I'm currently my fourth year into a PhD in computer science. The PhD hasn't gone nearly as smoothly as I would have liked. There was a lot of changing the scope, and trying to re-identify a good research contribution. There was also a substantial prototype project involved that inevitably had bugs that took far too many hours to solve. I started trying to submit papers for conference by the end of my second year... but I have not met much success. There are only two major conferences that I am aware of that my research is directly applicable to, as well as a couple more general conferences. Since you can't submit the same paper to more than one venue at a time, and because a lot of the submission dates overlap, each year I've been making 2 or 3 submissions.
Each rejection I try to take the criticism on the chin, and use their recommendations for improving the next submission but it's still pretty disheartening. The most recent submission had 2 accepts and 1 reject on the peer review, and the paper was ultimately rejected for publication. As it stands I have a single paper from a PhD symposium giving some early results, and I have a conference publication from my Masters on a separate topic. Unfortunately, no one else in my department is working on the same material, and my supervisor has very little experience in the area, so I don't have any real opportunity to collaborate and bump up my publication count as a co-author.

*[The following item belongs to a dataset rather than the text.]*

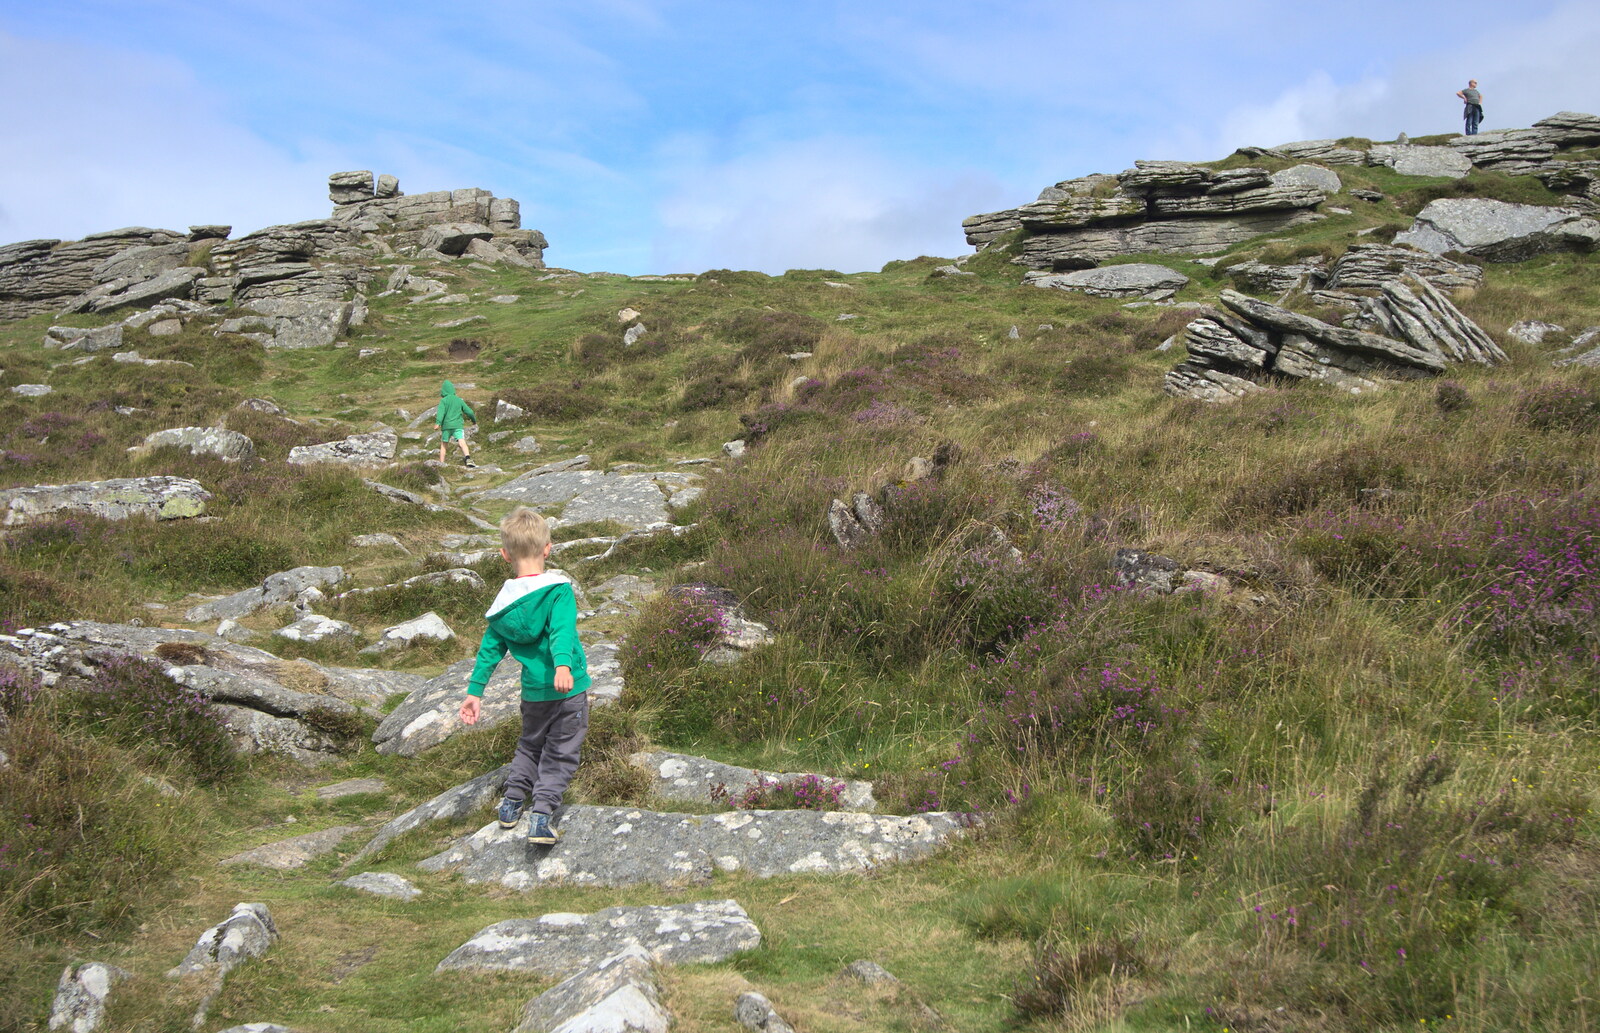 Harry runs up the tor from Badger's Holt and Bronze-Age Grimspound, Dartmoor, Devon - 10th August 2016

I'm certain there is a real research contribution there and that if I keep revising and submitting the paper that it will eventually pass the reviewer-lottery and it will get published. I had wanted to become an academic, but with my lack of publication success I do wonder if that's still a viable career path.
So my question is- is getting published important enough that I should actually delay thesis submission until I finally get the main paper published?